2014年10月10日(金)に公開が迫った注目の映画『荒野はつらいよ~アリゾナより愛をこめて~』。
監督は、しゃべるおっさんテディーベアが主役の映画『ted テッド』で日本でも一躍有名になったセス・マクファーレン氏。
今回は主演もしています!
『テッド』を見た人なら分かると思いますが、あのテイストのおバカ映画ですww。
そもそもの企画の出発点は、アメリカ映画やアメリカ文学では、男のロマン的に語られることが多い西部開拓時代だけど、実は腕力や体力や運がないと到底生き残ることができない過酷な時代であり、そんな時代にまるで現代の若者のような、観察力ばかりするどい男が紛れ込んだらどうなる?ということからできた設定。
実際、西部開拓時代を客観的に振り返ると、
●不衛生で謎の病気が蔓延
●職業&人種差別がヒドい
●だいたいみんな下品で貧乏
●年間唯一の娯楽が家畜品評会
●やぶ医者しかいない
●治安が悪すぎる
●動物が野生化
などなど。
まぁとてもこの時代に生きたいとは思えない過酷な時代だったワケです。
[youtube]http://youtu.be/Po6irxajbj4[/youtube]
【あらすじ】
舞台は1882年のアリゾナ。いわゆる西部劇の舞台になる西部開拓時代。西部劇のイメージといえば、タフなガンマンが活躍する時代。当然、力のある無法者はやりたい放題。正義もモラルも力の前には無力な時代。そんな時代を、羊飼いをしながらおとなしい友人と息を潜めるように、生きているのが主人公のアルバート(セス・マクファーレン)だ。へたれだし、貧乏だけど、口だけは達者なアルバートはなぜか美人の恋人・ルイーズ(アマンダ・セイフライト)がいたけど、気が付けば街のお金持ちのイヤミなフォックスに乗り換えられ、未練を断ち切れずにストーカー状態ww。
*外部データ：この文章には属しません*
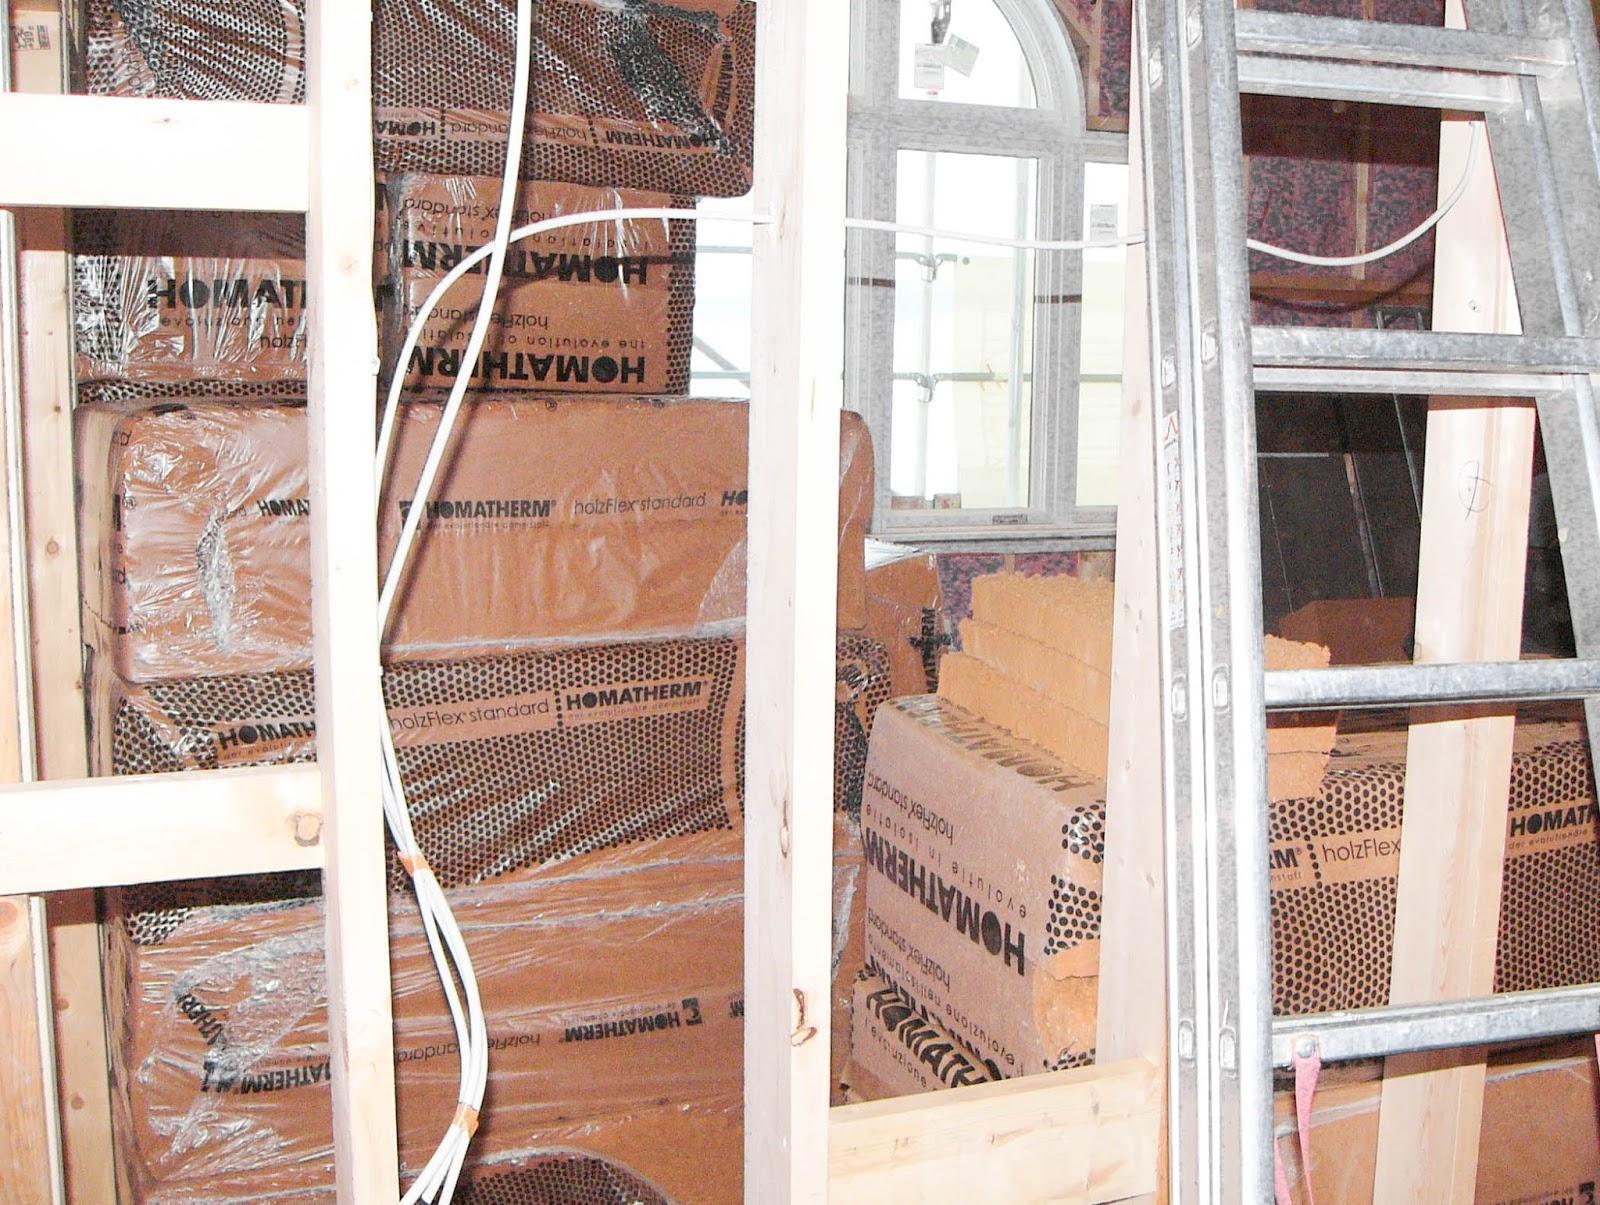 Ökologische und energieeffiziente Dämmung von HOMATHERM. Holzfaserdämmplatten, die natürliche Alternative zur Energieeinsparung. Renovierung und Neubau

そんな時に出会った謎の美女・アナ(シャーリーズ・セロン)が、元カノとのヨリを戻す作戦を考えてくれるが、いききがかり上、フォックスと決闘をすることに…。
さらには街にはお尋ね者の極悪人のクリンチ(リーアム・ニーソン)もやってきたりして、もう絶体絶命。
アルバートは、西部開拓時代を無事にサバイバルできるのか!?
そんなお話です。
西部劇というと、日本では馴染みがない世界観ですが、私、この作品を見ていたら、なぜか自分が通っていた公立中学校で過ごした青春時代を思い出しました(もちろん西部開拓時代の方が過酷ですが…WW)。
女の子からチヤホヤされるのは、不良グループや、不良とも接点がありつつオシャレに敏感なマイルドヤンキー層ばかり。メジャーなスポーツ系の部活に入っていれば、まだマシですが、よほどスポーツの成績が良くて、さらにルックスか腕力がなければモテることはない現実。まして文化系に興味があるだけで「オタク」扱い。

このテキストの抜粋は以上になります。